How to complete this task:
Return the stretch from the line with "Caneta Esferográfica 1.0 Cristal Verde Bic" through the line with "Peacock Feather Wallpaper 867502" in the data below, character for character, skipping all pictures.

Records supplied:
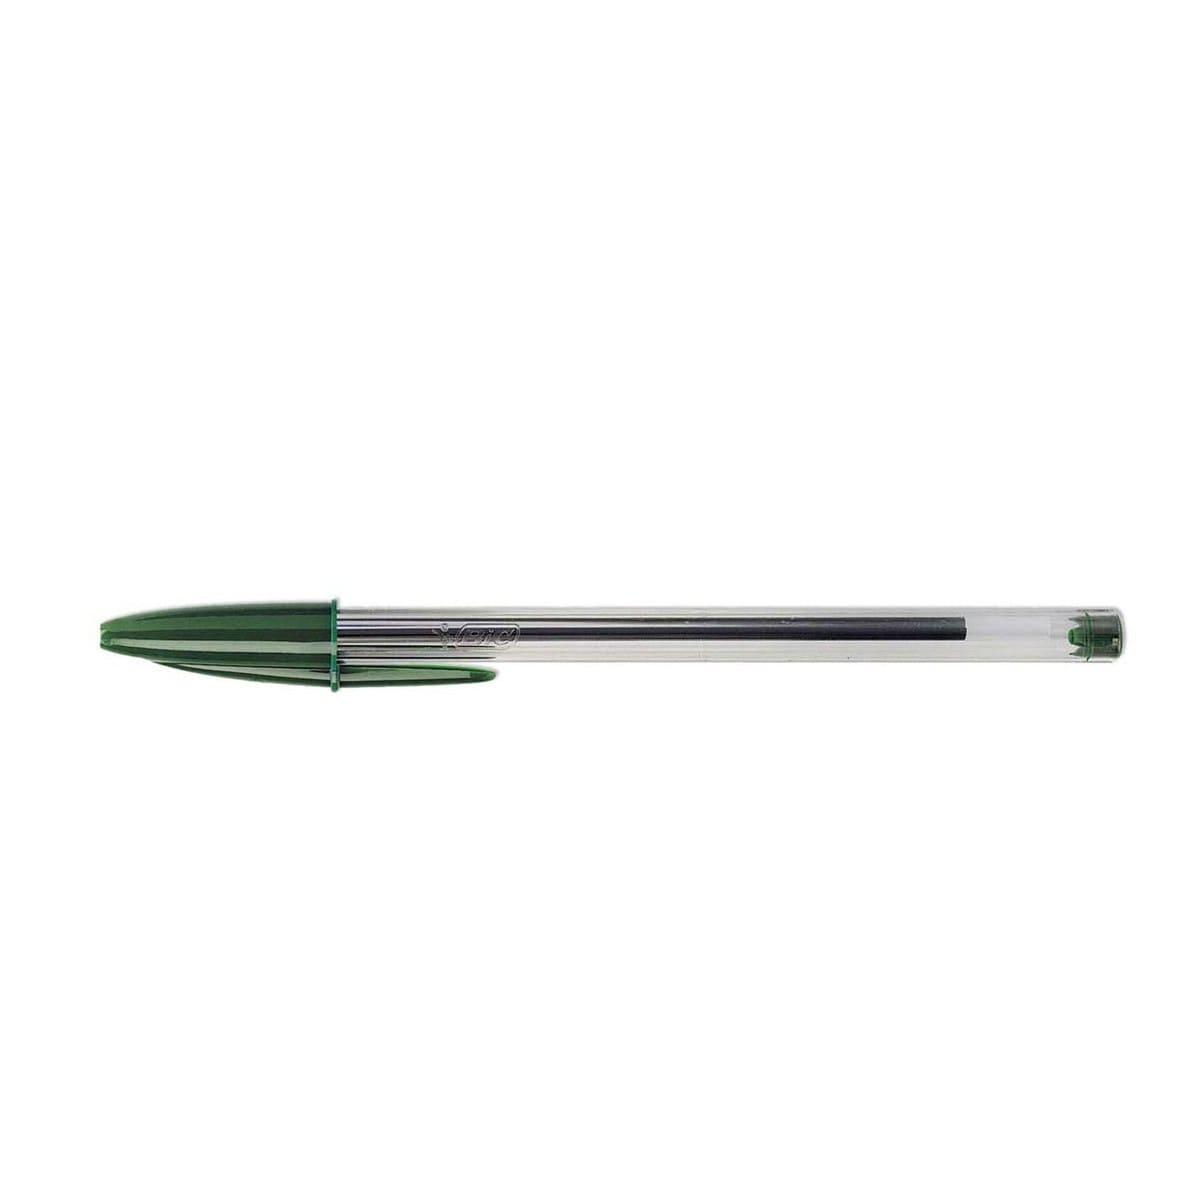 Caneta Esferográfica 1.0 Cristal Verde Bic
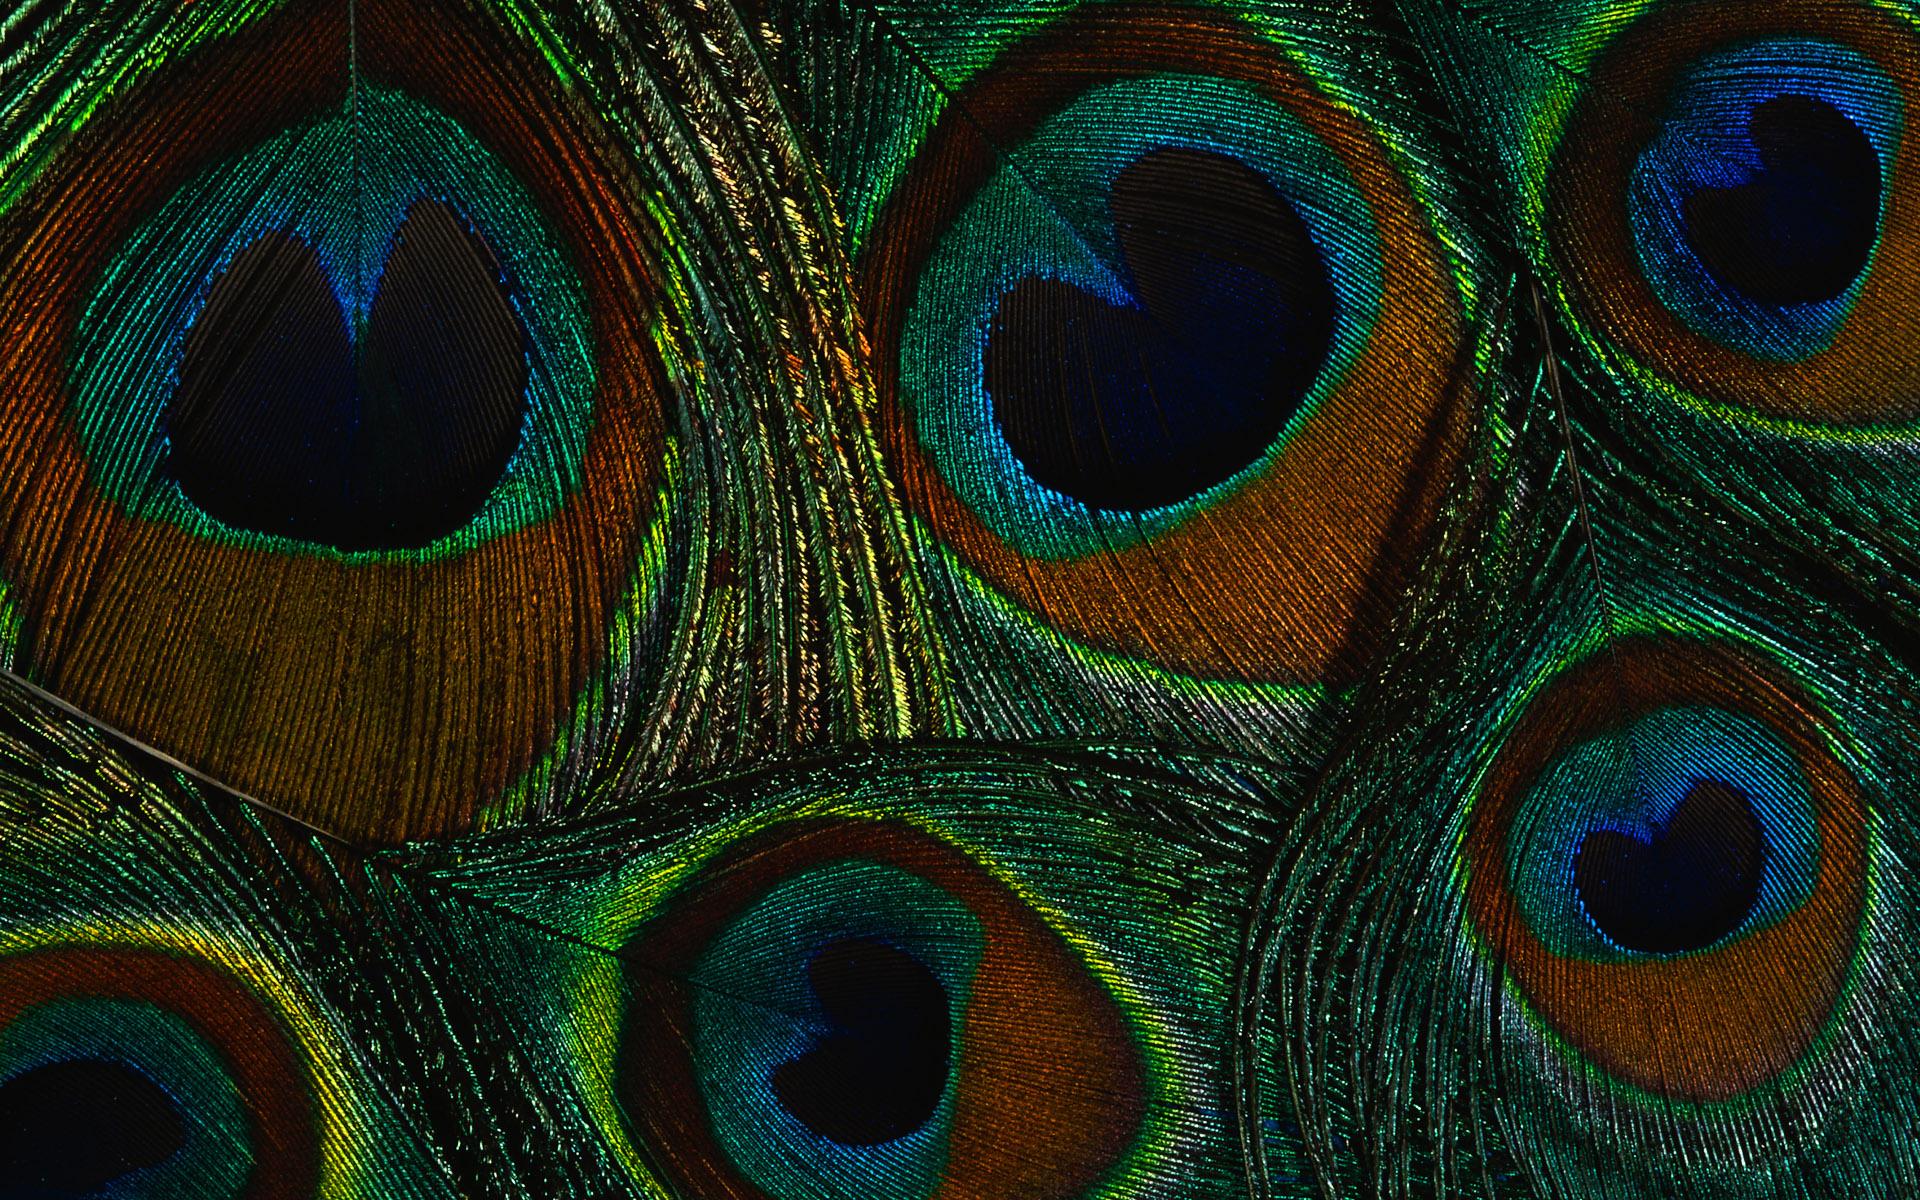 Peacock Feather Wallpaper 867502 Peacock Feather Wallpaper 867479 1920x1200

---

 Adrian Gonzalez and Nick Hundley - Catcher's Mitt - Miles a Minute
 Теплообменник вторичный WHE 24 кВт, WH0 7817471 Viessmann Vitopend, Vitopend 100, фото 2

Expected output:
 Caneta Esferográfica 1.0 Cristal Verde Bic
 Peacock Feather Wallpaper 867502 Peacock Feather Wallpaper 867479 1920x1200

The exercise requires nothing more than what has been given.